There is a paucity of literature dealing with these issues as well as the ethical and human rights implications of IW on national security. Treatments of IW outside the orthodox IHL framework are nearly non-existent. This is strange since both IHL and IHRL are aimed at protecting the integrity of the human person, but take different approaches towards that end. IHL norms operate within the spatial and temporal constraint of an international armed conflict occurring between two or more states. The body of law assumes that harm will occur, and seeks only to limit the extent of harm.14 In contrast, IHRL norms traditionally operate in peacetime during law enforcement investigations in which investigation is individual, and liability is criminal. Reciprocity in the IHRL context, then, is far less important, whereas IHRL norms are continuous, meaning that the state is accountable through transparent processes. As a result of this confusion and overlap, it is currently unclear what legal rights a state has as a victim of a cyber attack. Even if Estonia could conclusively prove that it was Russia behind the March 2007 attack, could it respond with force, or its own cyber attack? These questions underscore the tension between classifying cyber attacks as merely criminal, or a matter of national security.

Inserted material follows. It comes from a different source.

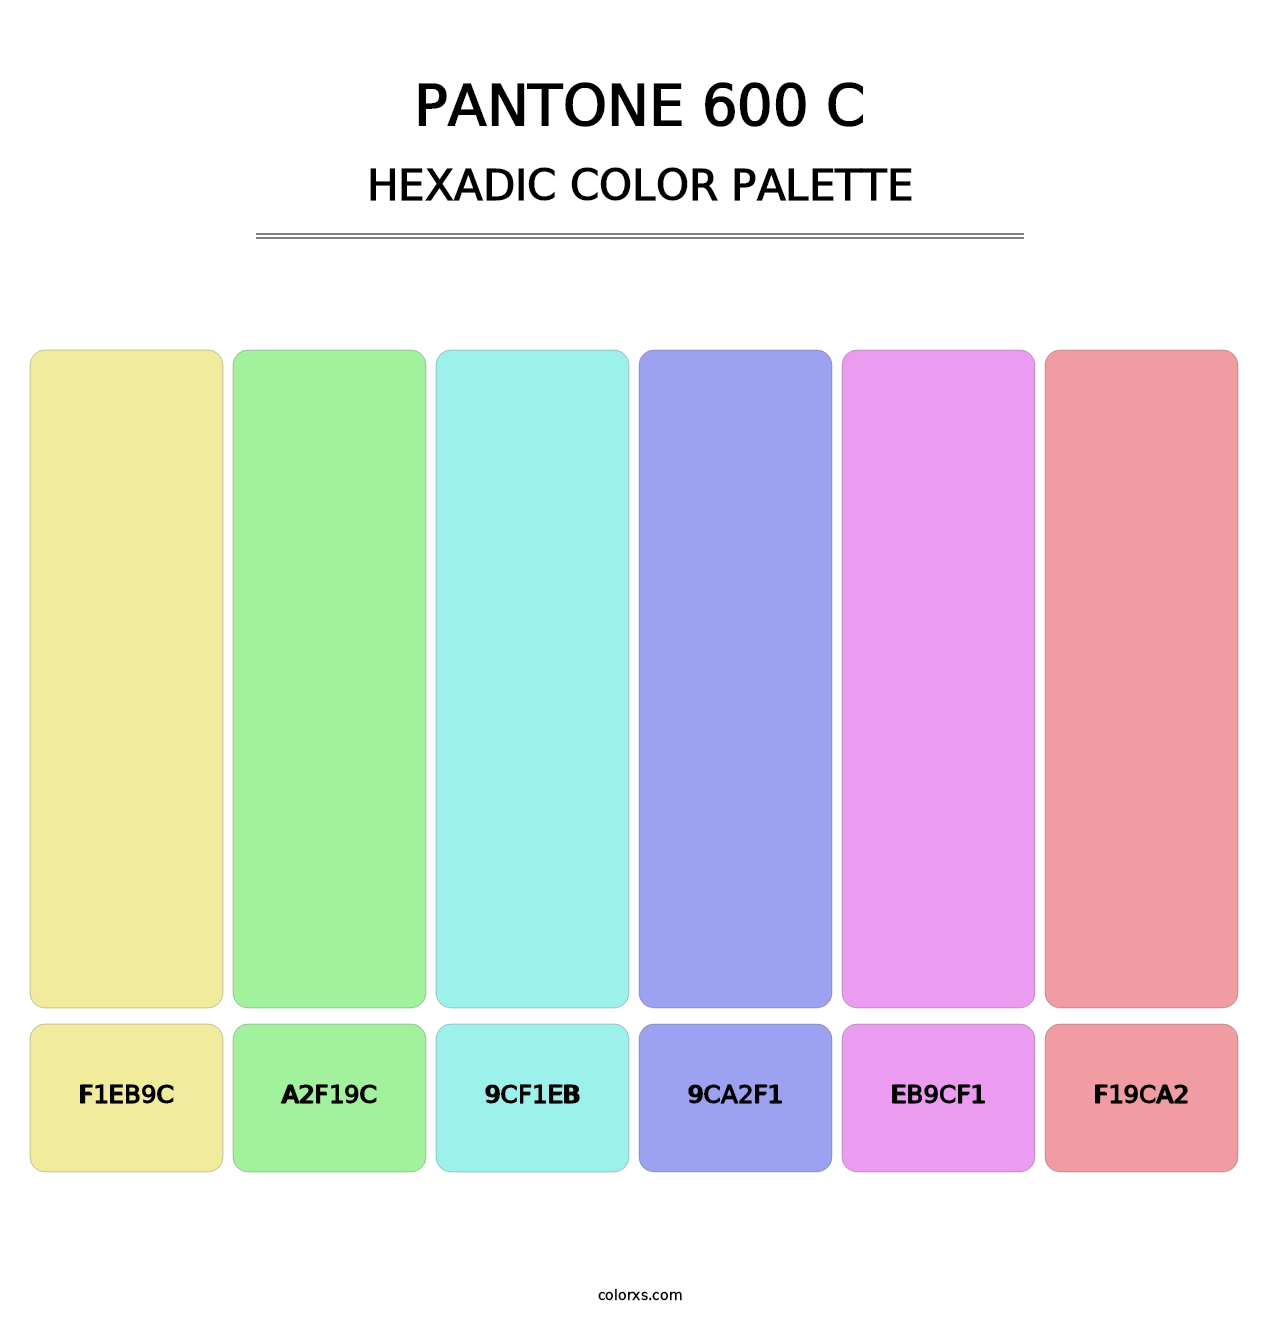 PANTONE 600 C - Hexadic Color Palette

The transnational nature of IW suggests that while international legal norms found in the contemporary U.N. Charter law are helpful, the existing treaty framework is insufficient for reaching acceptable solutions to this security dilemma.15 As a result, two options exist – create a new treaty system from whole cloth, or adapt current treaty regimes. This paper will advocate that the best way to ensure a
14 The Hague and Geneva Conventions rely on this system of immediate reciprocity between states.
15 Christopher C. Joyner & Catherine Lotrionte, Information Warfare as International Coercion: Elements of a Legal Framework, 12 Nov. 5 EJIL 835, 865 (2001) (arguing that clearer rules are needed for what self defense responses are permissible to cyber attacks and how international institutions might facilitate the attainment of these objectives.).